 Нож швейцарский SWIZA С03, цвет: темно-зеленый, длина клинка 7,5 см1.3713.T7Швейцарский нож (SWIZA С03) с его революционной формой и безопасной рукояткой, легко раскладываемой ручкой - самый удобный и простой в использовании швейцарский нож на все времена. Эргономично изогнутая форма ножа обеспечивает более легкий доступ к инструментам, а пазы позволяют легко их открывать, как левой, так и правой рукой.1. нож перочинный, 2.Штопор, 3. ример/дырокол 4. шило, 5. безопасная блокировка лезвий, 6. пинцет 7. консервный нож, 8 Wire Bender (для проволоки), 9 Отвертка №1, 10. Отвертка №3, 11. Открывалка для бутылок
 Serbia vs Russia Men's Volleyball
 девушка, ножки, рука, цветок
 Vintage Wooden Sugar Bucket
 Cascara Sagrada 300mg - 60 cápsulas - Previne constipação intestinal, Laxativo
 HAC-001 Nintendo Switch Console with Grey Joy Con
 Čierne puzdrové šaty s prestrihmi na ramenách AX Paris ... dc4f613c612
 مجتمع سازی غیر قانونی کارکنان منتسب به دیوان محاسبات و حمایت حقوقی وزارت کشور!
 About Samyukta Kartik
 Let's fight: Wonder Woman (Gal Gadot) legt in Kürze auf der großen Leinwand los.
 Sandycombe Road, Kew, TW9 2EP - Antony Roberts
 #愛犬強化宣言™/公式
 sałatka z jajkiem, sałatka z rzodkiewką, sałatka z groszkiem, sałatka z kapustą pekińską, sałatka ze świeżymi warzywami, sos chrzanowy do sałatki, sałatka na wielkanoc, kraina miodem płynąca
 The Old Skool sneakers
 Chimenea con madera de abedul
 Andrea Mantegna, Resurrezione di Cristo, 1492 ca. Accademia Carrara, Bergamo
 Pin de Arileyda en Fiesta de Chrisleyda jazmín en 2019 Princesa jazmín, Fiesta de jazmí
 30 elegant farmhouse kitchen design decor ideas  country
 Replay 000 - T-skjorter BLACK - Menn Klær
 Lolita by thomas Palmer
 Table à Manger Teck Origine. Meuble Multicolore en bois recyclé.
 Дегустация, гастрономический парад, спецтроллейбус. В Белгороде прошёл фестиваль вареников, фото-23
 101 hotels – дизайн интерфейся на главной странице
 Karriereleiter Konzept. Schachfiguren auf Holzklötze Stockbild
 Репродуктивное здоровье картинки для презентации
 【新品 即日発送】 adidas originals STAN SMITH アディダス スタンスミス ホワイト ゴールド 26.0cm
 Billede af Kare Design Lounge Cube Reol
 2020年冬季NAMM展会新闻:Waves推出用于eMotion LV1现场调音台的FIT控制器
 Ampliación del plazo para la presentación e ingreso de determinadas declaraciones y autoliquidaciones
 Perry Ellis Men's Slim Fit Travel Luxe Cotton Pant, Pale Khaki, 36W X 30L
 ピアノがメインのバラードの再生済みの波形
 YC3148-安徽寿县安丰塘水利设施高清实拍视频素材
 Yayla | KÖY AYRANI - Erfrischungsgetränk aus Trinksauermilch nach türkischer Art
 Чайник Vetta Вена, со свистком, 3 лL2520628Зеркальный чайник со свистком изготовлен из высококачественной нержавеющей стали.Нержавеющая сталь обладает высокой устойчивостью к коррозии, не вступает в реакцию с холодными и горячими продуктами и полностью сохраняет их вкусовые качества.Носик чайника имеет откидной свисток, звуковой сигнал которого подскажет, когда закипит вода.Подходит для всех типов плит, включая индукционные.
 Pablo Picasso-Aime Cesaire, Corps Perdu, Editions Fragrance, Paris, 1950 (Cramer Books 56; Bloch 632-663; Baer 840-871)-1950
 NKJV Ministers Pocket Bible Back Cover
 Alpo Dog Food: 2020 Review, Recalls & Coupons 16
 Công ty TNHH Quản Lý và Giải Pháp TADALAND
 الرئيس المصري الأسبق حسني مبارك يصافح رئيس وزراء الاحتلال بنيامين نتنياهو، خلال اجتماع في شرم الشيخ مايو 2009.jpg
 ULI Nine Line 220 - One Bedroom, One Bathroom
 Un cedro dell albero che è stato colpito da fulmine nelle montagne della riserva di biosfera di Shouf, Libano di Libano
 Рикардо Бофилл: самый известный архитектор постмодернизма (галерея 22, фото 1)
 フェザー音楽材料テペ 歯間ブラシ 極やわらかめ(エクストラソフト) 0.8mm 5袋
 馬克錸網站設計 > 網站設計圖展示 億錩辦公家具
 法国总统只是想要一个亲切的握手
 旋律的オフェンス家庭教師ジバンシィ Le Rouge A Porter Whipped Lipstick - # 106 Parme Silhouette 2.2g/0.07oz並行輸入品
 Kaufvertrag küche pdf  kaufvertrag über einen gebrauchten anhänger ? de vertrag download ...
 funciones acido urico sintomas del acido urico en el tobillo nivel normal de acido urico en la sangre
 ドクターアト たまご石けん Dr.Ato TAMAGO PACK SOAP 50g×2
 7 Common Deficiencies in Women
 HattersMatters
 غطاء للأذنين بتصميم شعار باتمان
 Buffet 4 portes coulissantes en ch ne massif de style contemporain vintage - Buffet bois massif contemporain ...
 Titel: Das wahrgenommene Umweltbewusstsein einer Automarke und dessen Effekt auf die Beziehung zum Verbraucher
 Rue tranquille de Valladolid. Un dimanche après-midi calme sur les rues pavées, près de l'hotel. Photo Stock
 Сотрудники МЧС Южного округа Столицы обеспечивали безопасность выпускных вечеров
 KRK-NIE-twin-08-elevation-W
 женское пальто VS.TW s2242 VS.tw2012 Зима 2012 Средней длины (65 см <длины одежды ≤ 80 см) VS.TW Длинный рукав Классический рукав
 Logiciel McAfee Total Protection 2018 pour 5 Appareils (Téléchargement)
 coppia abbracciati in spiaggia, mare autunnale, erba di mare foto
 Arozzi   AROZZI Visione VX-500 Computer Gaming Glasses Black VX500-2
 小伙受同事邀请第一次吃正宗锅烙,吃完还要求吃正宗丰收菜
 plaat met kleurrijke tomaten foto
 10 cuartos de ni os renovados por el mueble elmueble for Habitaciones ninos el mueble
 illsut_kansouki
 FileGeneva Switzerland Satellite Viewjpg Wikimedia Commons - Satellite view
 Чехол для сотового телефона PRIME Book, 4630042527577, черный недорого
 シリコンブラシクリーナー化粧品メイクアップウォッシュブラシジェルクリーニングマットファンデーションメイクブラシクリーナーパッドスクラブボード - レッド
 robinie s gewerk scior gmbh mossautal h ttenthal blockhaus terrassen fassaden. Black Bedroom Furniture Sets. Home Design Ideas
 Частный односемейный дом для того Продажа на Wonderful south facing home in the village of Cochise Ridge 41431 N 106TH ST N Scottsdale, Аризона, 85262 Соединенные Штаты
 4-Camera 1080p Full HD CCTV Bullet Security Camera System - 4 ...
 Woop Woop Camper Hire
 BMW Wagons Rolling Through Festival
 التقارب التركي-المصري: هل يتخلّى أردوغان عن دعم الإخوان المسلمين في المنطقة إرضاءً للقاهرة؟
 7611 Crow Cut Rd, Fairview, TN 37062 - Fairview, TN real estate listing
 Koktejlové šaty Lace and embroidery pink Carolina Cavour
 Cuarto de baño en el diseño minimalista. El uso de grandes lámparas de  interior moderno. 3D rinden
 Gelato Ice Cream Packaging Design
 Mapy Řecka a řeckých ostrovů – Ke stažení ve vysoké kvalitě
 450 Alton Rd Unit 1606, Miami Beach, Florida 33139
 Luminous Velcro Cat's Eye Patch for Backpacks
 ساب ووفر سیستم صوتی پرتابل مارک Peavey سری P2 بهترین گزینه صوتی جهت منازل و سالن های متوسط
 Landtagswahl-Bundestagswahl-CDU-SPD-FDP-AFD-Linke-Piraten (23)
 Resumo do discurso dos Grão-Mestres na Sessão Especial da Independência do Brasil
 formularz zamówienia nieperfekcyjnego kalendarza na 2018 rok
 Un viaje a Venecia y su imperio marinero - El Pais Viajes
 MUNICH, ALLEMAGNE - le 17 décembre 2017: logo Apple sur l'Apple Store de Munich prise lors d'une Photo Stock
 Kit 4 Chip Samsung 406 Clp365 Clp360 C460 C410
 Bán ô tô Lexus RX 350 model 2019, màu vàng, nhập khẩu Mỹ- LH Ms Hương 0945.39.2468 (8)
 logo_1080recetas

========================================================================

### Problem to solve
Go through the data above from its first line and copy each line exactly, stopping once the line with "Lolita by thomas Palmer" has been copied.

### Final answer
 Нож швейцарский SWIZA С03, цвет: темно-зеленый, длина клинка 7,5 см1.3713.T7Швейцарский нож (SWIZA С03) с его революционной формой и безопасной рукояткой, легко раскладываемой ручкой - самый удобный и простой в использовании швейцарский нож на все времена. Эргономично изогнутая форма ножа обеспечивает более легкий доступ к инструментам, а пазы позволяют легко их открывать, как левой, так и правой рукой.1. нож перочинный, 2.Штопор, 3. ример/дырокол 4. шило, 5. безопасная блокировка лезвий, 6. пинцет 7. консервный нож, 8 Wire Bender (для проволоки), 9 Отвертка №1, 10. Отвертка №3, 11. Открывалка для бутылок
 Serbia vs Russia Men's Volleyball
 девушка, ножки, рука, цветок
 Vintage Wooden Sugar Bucket
 Cascara Sagrada 300mg - 60 cápsulas - Previne constipação intestinal, Laxativo
 HAC-001 Nintendo Switch Console with Grey Joy Con
 Čierne puzdrové šaty s prestrihmi na ramenách AX Paris ... dc4f613c612
 مجتمع سازی غیر قانونی کارکنان منتسب به دیوان محاسبات و حمایت حقوقی وزارت کشور!
 About Samyukta Kartik
 Let's fight: Wonder Woman (Gal Gadot) legt in Kürze auf der großen Leinwand los.
 Sandycombe Road, Kew, TW9 2EP - Antony Roberts
 #愛犬強化宣言™/公式
 sałatka z jajkiem, sałatka z rzodkiewką, sałatka z groszkiem, sałatka z kapustą pekińską, sałatka ze świeżymi warzywami, sos chrzanowy do sałatki, sałatka na wielkanoc, kraina miodem płynąca
 The Old Skool sneakers
 Chimenea con madera de abedul
 Andrea Mantegna, Resurrezione di Cristo, 1492 ca. Accademia Carrara, Bergamo
 Pin de Arileyda en Fiesta de Chrisleyda jazmín en 2019 Princesa jazmín, Fiesta de jazmí
 30 elegant farmhouse kitchen design decor ideas  country
 Replay 000 - T-skjorter BLACK - Menn Klær
 Lolita by thomas Palmer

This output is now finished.